EPISODE 1 - LAND ACKNOWLEDGEMENT | BONUS MATERIAL
Poet’s Prayer
By Jimmy Santiago Baca, from his book Laughing in the Light
JIMMY SANTIAGO BACA: Okay, here we go. It's called “Poet's Prayer.”
World made of words, words put together to make sense of the world. As a child of five I memorized hymns, singing the loudest in the choir to hear my voice, and at school when the classrooms emptied I spun like a globe on the teacher's desk, touching the sun as if it was a large alphabet card above the blackboard.
Mysteries. I was a wizard and with letter sounds I could conjure spells to chase the devil away, I could make up stories, poems, adventures, tragedies, romances, all at my disposal in my love for sharing wonderful fables the imagination called upon me to convey.
While Grandpa buffed shoes in hotel foyers, I sailed out of the present, imagined a life for each tourist, touched paper roses on tables as one touches a spring petal, scratched my fingernails on wooden staircase railings like a cub sharpening his claws on tree bark, ran my palm along the wall board carvings of Mayans and Aztecas, unwadded napkins on tables to smell lipstick, grabbed crumpled papers in the wastebasket to study handwritten notes, then I dashed out into the market.
In time, I memorized the card symbols, fingered letters in the yard dirt, and welcomed the ant and the cockroach into my world. I expanded my universe: I traced a letter on the cold window glass and everything about me shifted radically: I was reborn. Words de-created me and gave birth to a new me. I felt myself an alchemist’s chalice filled with warm, electric, inventions in flux.
Even now as I write these words, images rise in the mist and slowly unveil what was hidden in the fog. I see my hard-working grandma shaking her finger and scolding me: no writing on everything—in the tortilla flour on the cutting board; in the dough; with my spit beading on the hot woodstove top; when I peed outside in the dirt— “Don’t do that!” she cried, “Stop writing letters everywhere!”
Something doesn't work for me in the classroom, drab barracks, portable buildings, books that have nothing to do with my life, test taking and purposeless repetition that numbs the wits, bullying, kids shooting up, smoking drugs from glass pipes behind the gyms, gangs—test me why a child cries, why a girl is sad, about a father who doesn’t come home, a mother on drugs, about poverty, about fear, give me stories that talk about this, about never having enough to get by, about never being enough of a person to be accepted, racism, betrayals—
I'm done with the elitist stories, politically correct, tech-driven testing to make thoughtless and sad consumers, highly educated human-manuals herded together to croon and moo over toxin-laced facts. Testing for me is like being kidnapped, gagged, handcuffed, and thrown into a small cell where I can’t move and I can’t show you who I am, what I know. I can’t get close to you. I can’t, in other words, communicate with you.

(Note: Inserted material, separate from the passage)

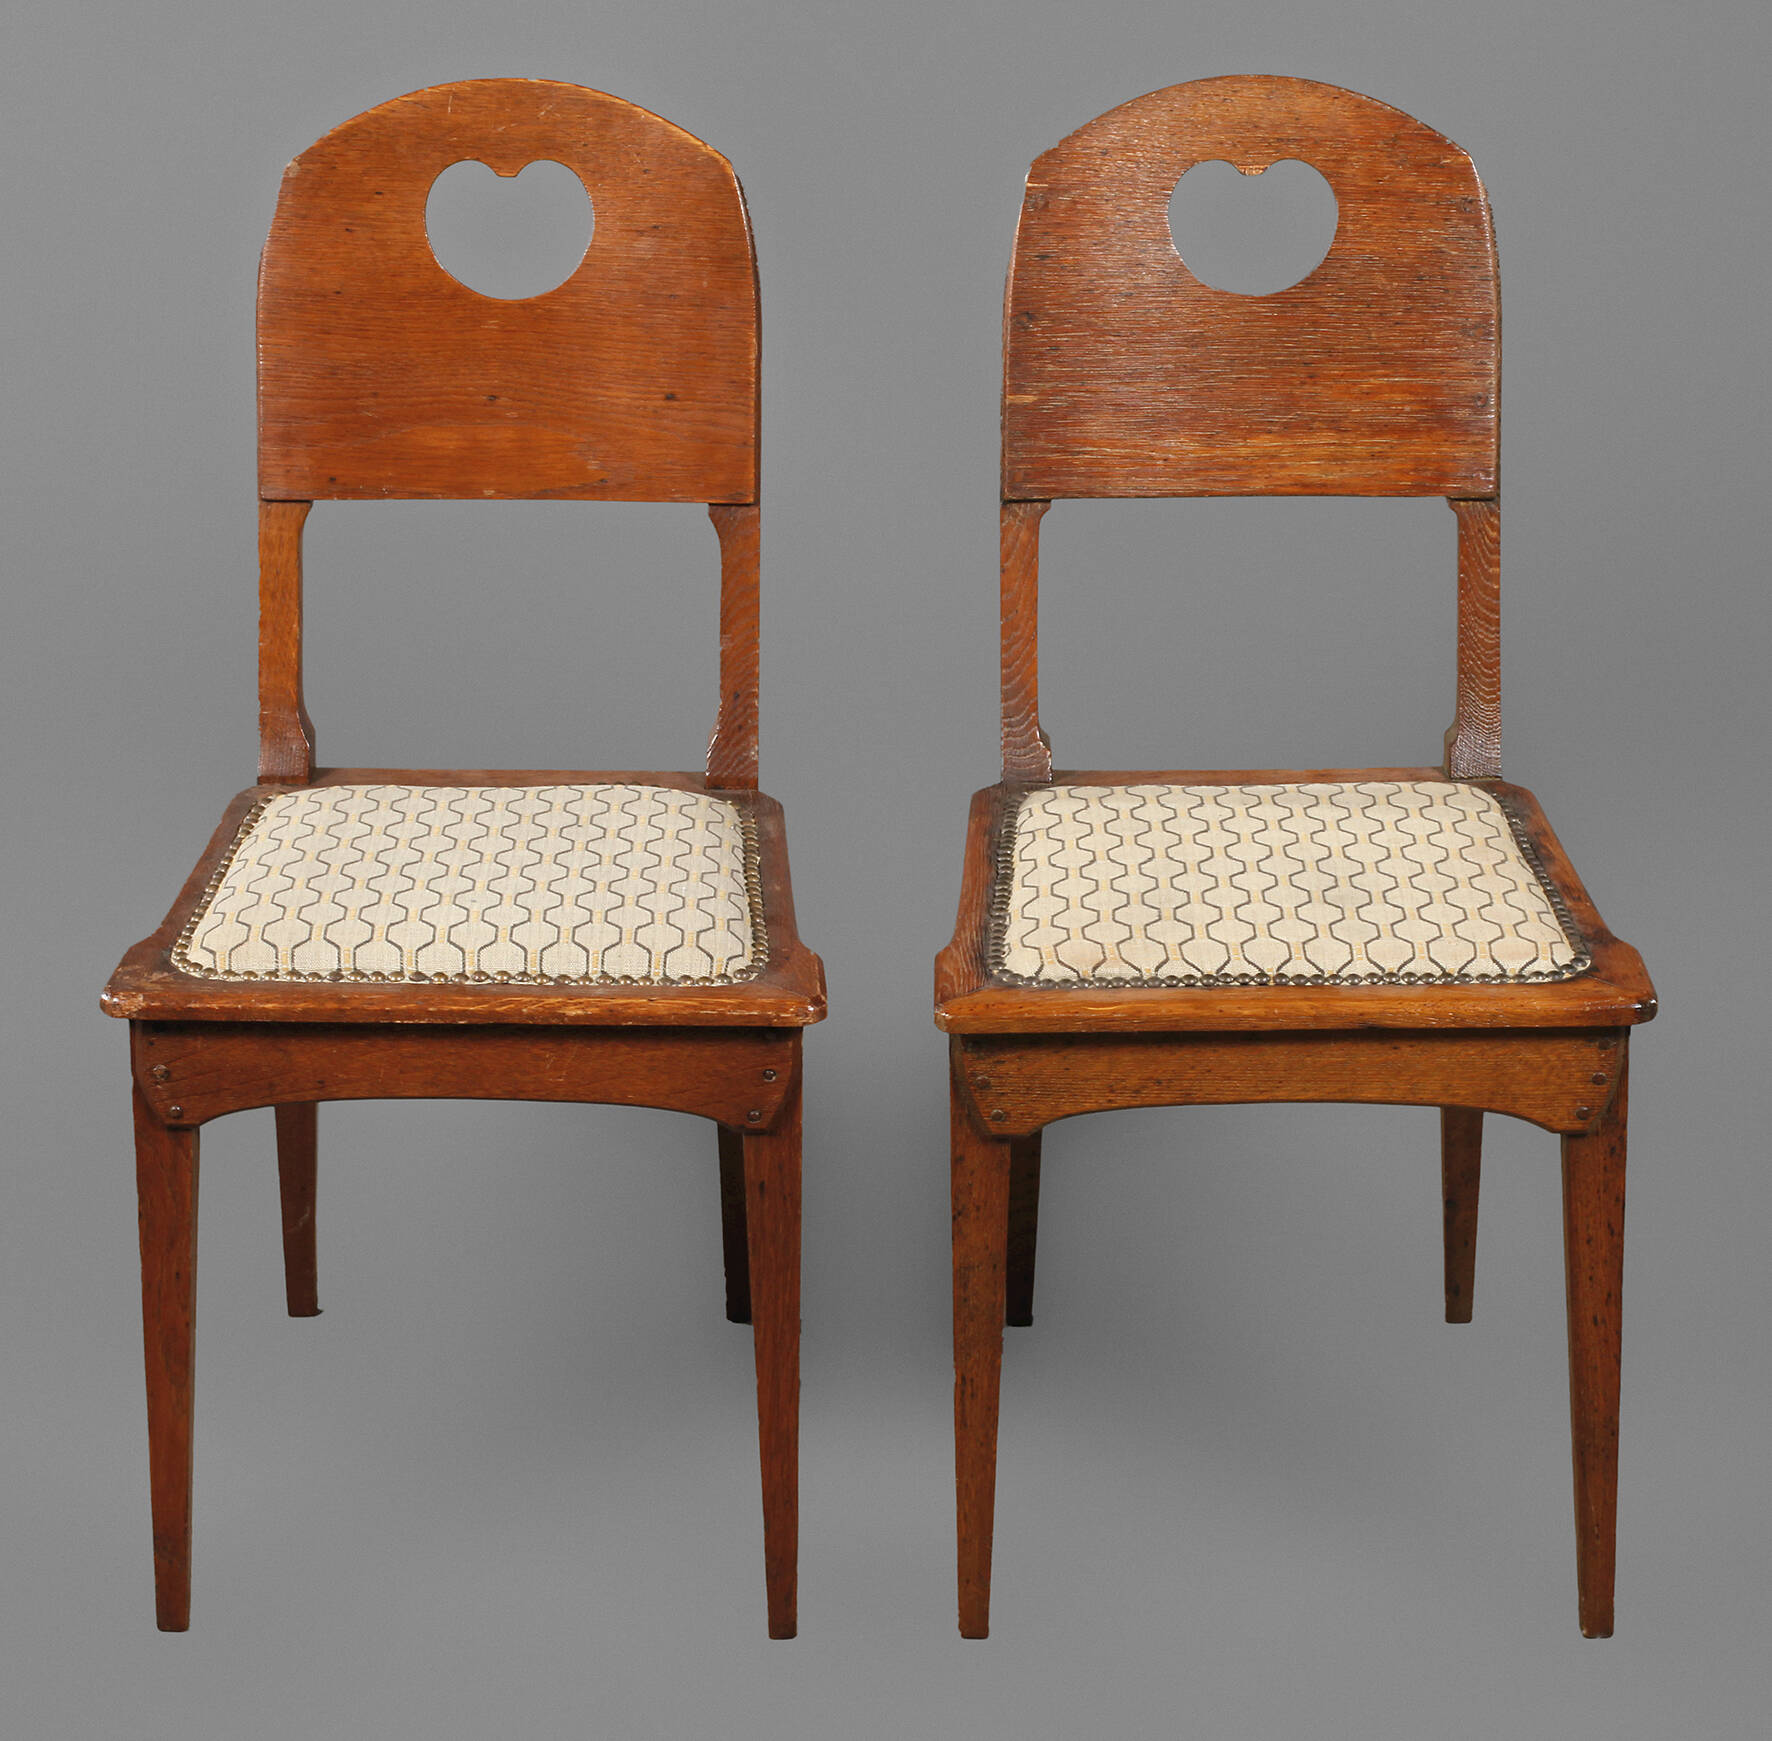 Zwei Stühle Richard Riemerschmid
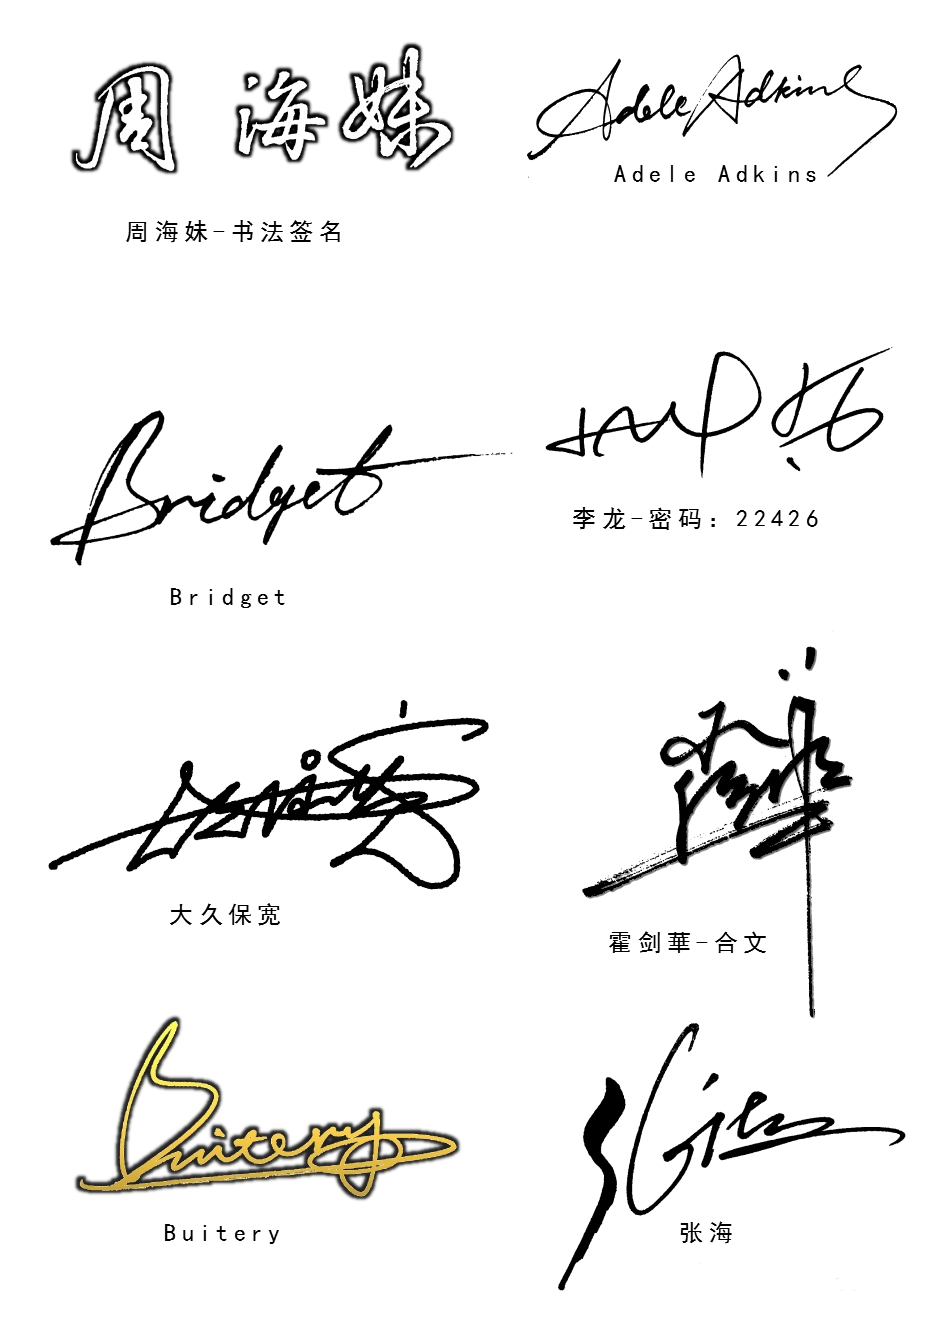 南京孙老师艺术签名签名设计作品欣赏丨艺术签名设计

When I write, my soul unfolds, my heart opens. I look around the world and am saddened and troubled by the maddening violence, wars, quarrels, greed, insane power grabbers, the numbing of America and gargantuan greed of the rich. My parents were alcoholics, they didn't believe in books, they seldom spoke kindly. I like writing because it awakens a new part of myself, one that is stronger than the nonwriting self. I trust the process that changes me, helps me unclasp my tight-clenched fist and exhale and reach out to other hands that help me climb out of my darkness, as I lean toward the window in my soul and inhale the fresh air again, feeling clean, lighter, clearer of mind and heart. It helps me keep from being destroyed by the prison profiteers running the multinational corrections industrial complex that trades in criminalizing and destroying human beings and ruining our communities. May the spirit of my music open my eyes, shape my speech, and give me an amazing life. Amen.